Flávio gritou: — Parem-na!
No entanto, ninguém pôde responder. Apenas o som da risada zombeteira de Lívia ecoou.
— Flávio, olhe para sua própria situação antes de tentar me parar. É melhor acalmar os clientes do Clube Nunca Dorme primeiro.
Em seguida, o som de seus passos se distanciou cada vez mais.
Na pista de dança do primeiro andar.
— Onde está o Sr. Marques? O que está acontecendo esta noite? Por que ele ainda não veio nos dar uma explicação?
— Exatamente! Por que a energia acabou sem motivo? Isso é algum tipo de jogo especial?
— Precisamos de uma explicação para o que aconteceu esta noite!
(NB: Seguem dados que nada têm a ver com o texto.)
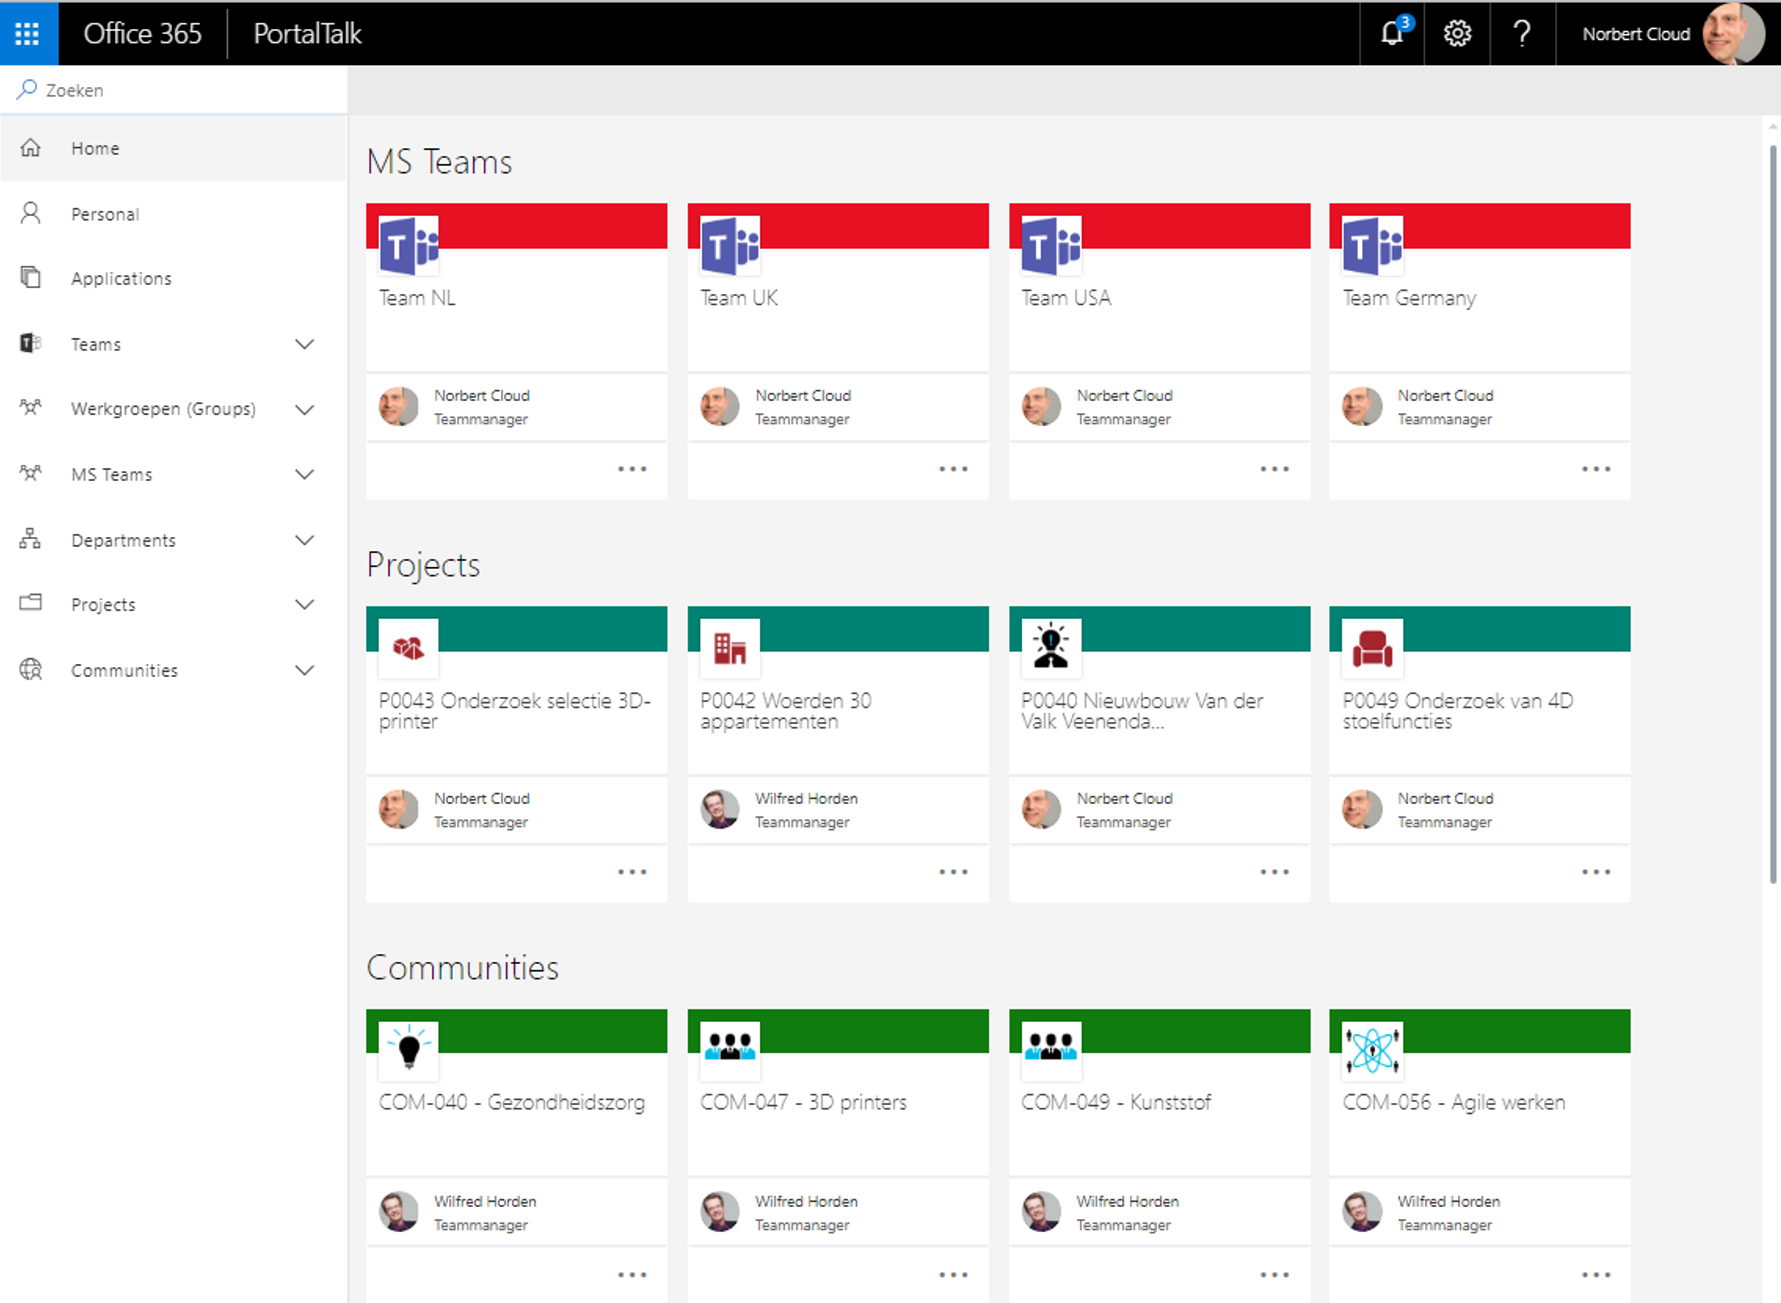 PortalTalk 365 screenshot

Os clientes, antes agitados e cheios de reclamações, viram uma fonte de luz se aproximando e olharam curiosos.
— O que é aquilo? Por que está brilhando?
— Acho que já li sobre isso em algum livro...
— Isso mesmo! São vaga-lumes, acho que se chamam vaga-lumes!
— Então existem mesmo essas criaturas brilhantes! É a primeira vez que vejo isso em toda a minha vida!
— De onde vieram esses vaga-lumes?!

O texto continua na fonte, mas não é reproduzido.